**EXTRACTED ENTRIES:**
------------
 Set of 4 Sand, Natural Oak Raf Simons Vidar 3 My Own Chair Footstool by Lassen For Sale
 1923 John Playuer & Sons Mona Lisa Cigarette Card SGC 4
------------
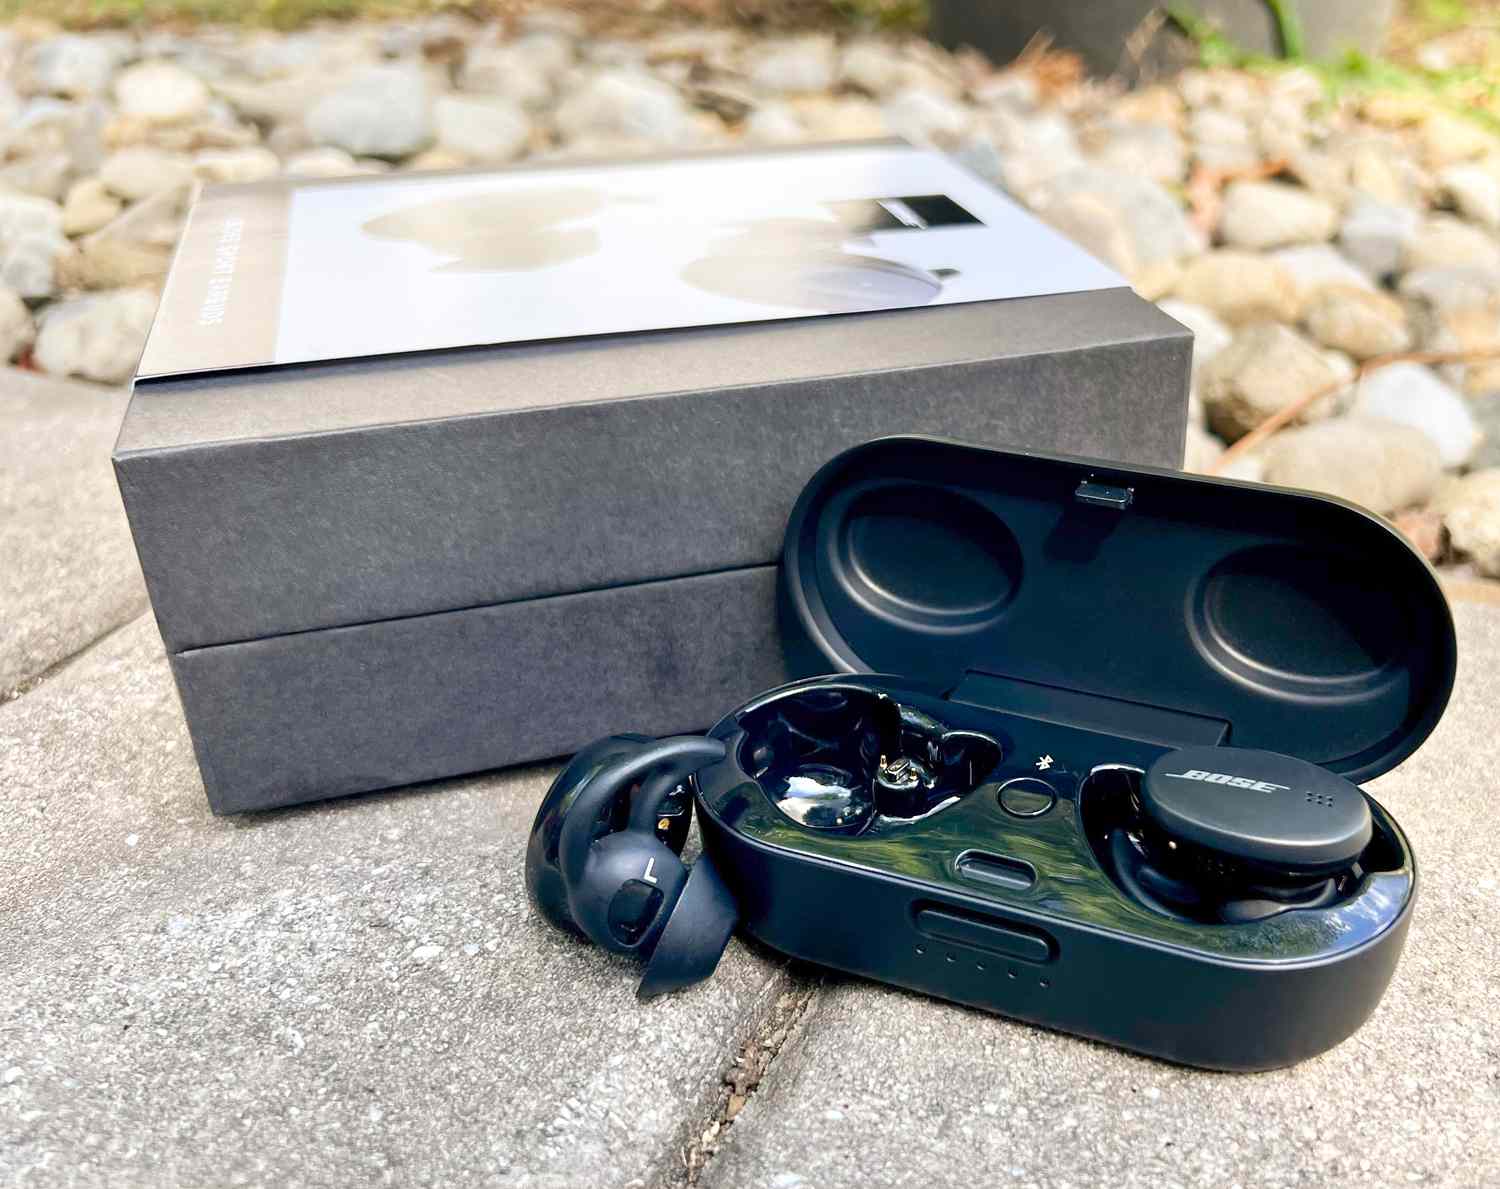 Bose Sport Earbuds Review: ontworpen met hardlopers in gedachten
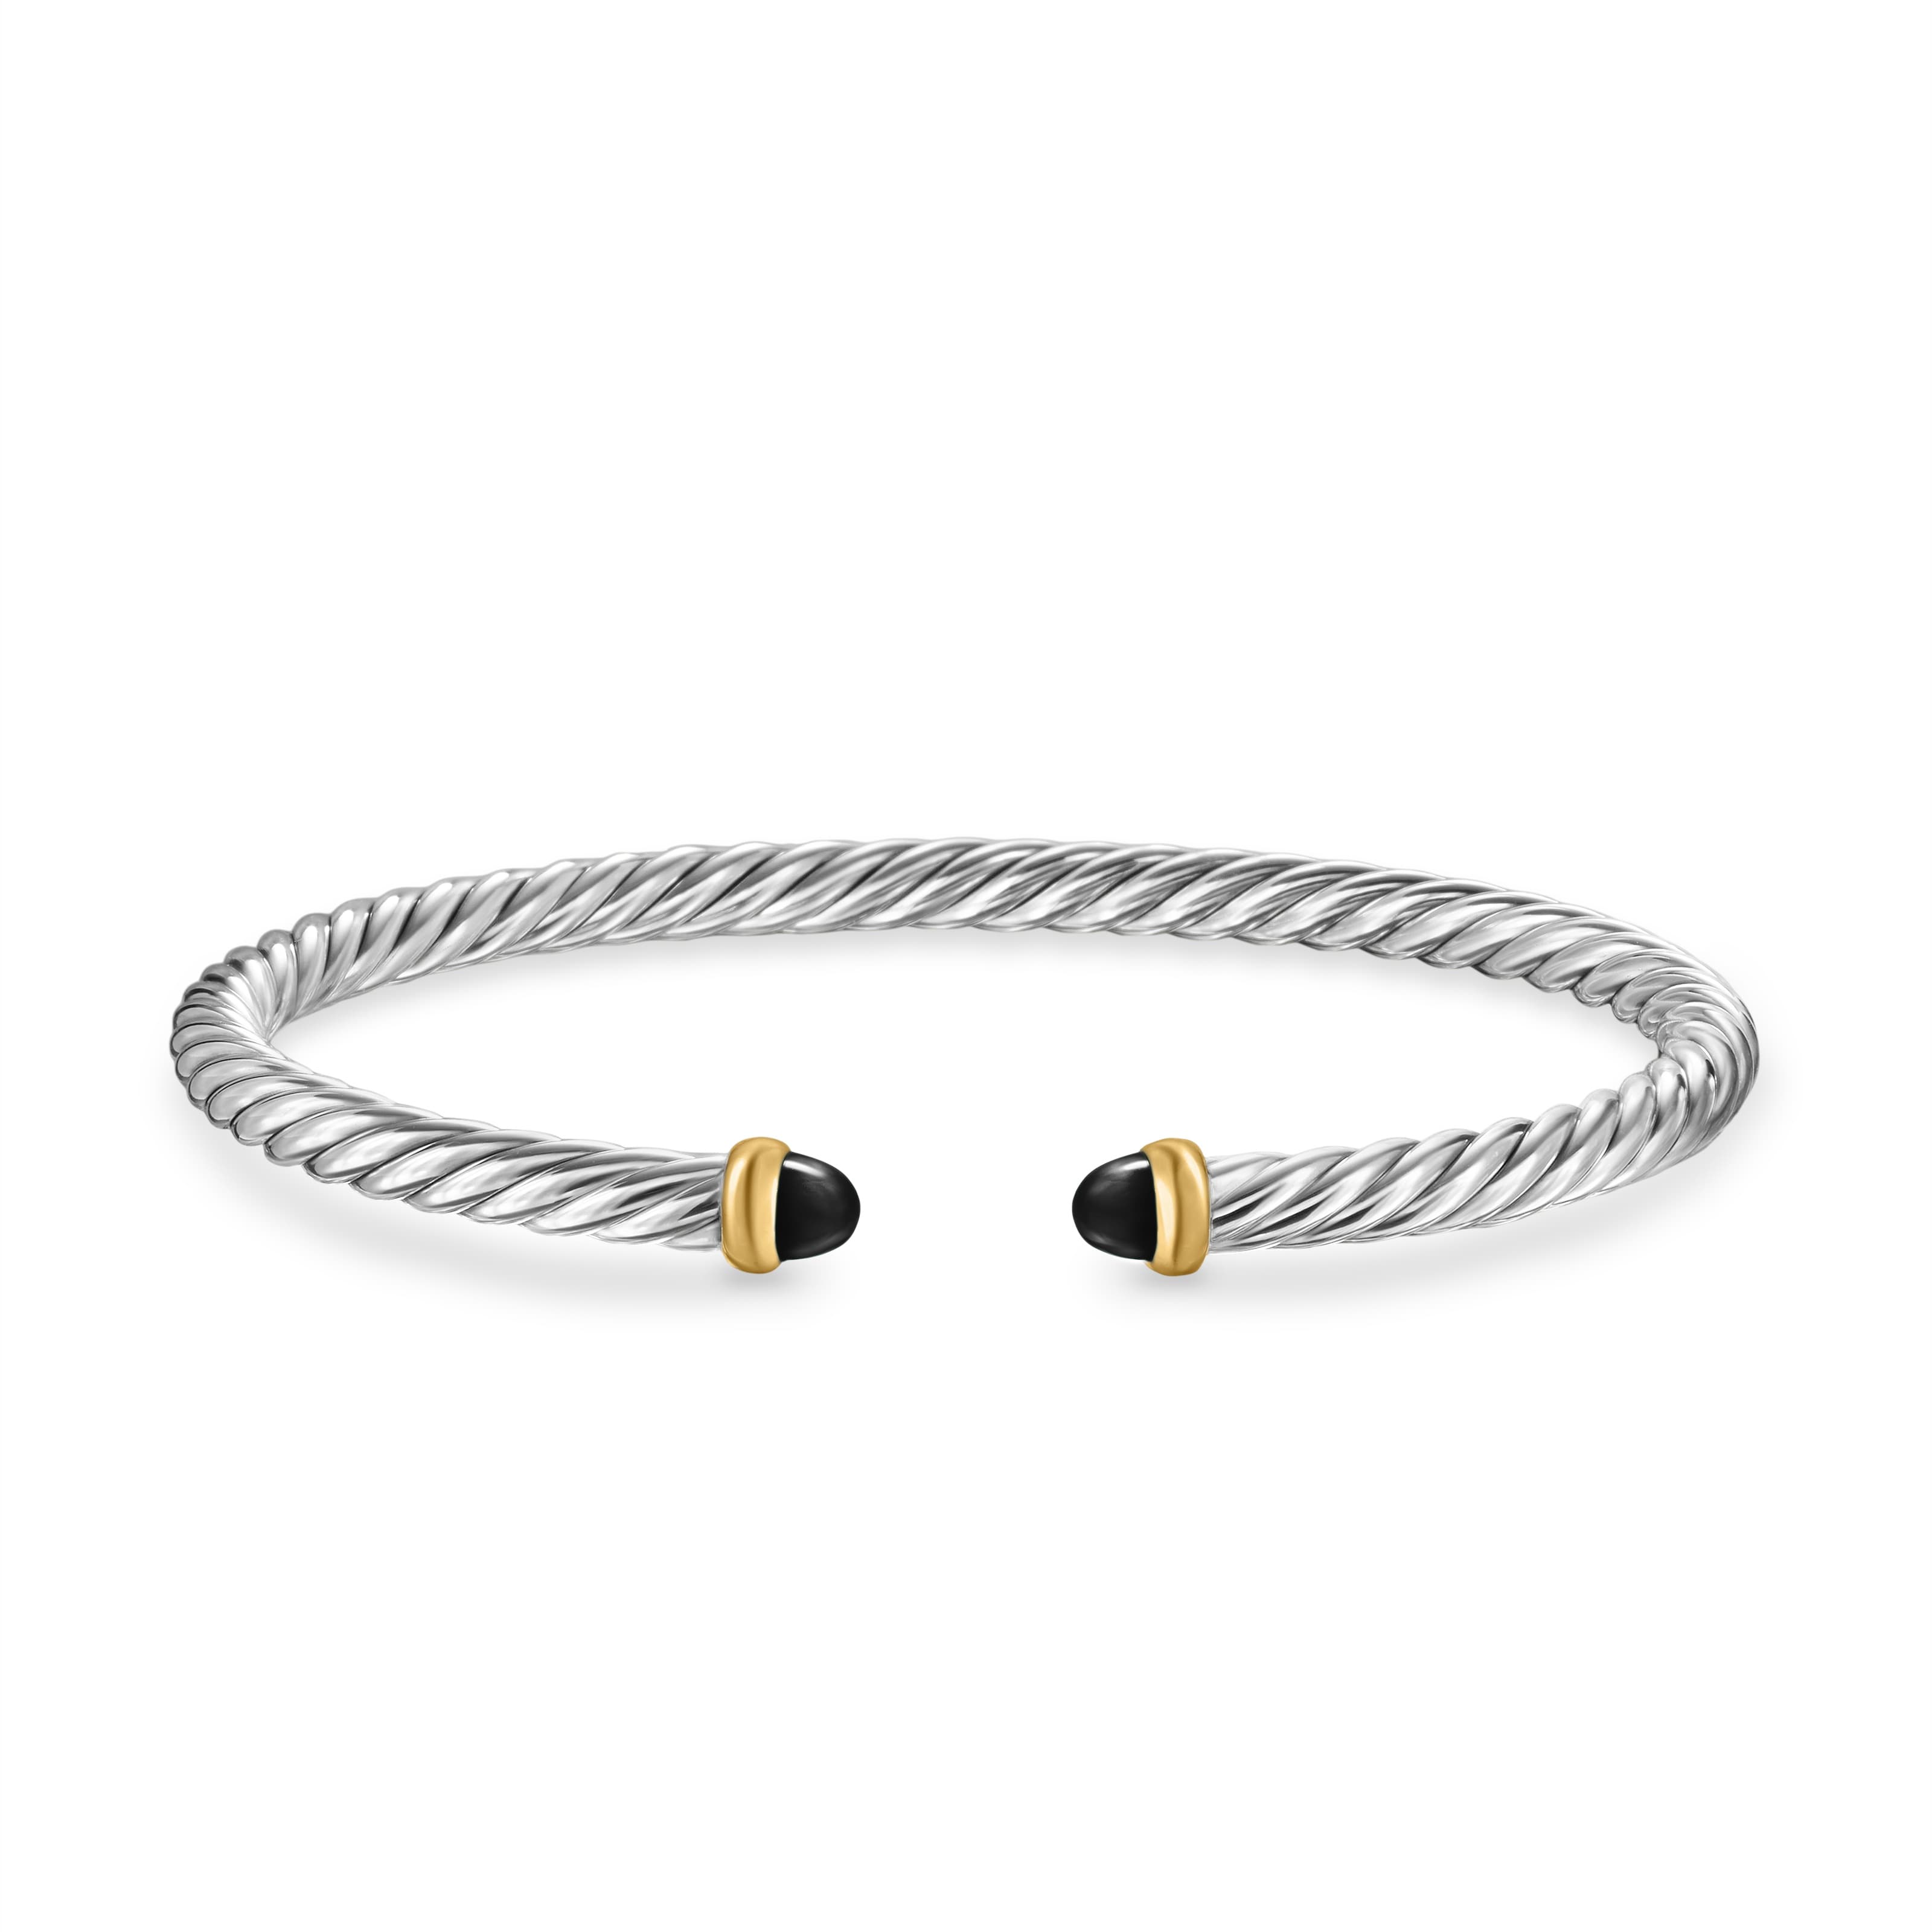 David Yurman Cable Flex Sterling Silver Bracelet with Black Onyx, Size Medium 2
------------
**PROBLEM TO SOLVE:** Going by the data above, the answer is exactly the lines from the one holding "Bose Sport Earbuds" to the one holding "David Yurman Cable", both kept, with the pictures left out.

**RESPONSE:**
 Bose Sport Earbuds Review: ontworpen met hardlopers in gedachten
 David Yurman Cable Flex Sterling Silver Bracelet with Black Onyx, Size Medium 2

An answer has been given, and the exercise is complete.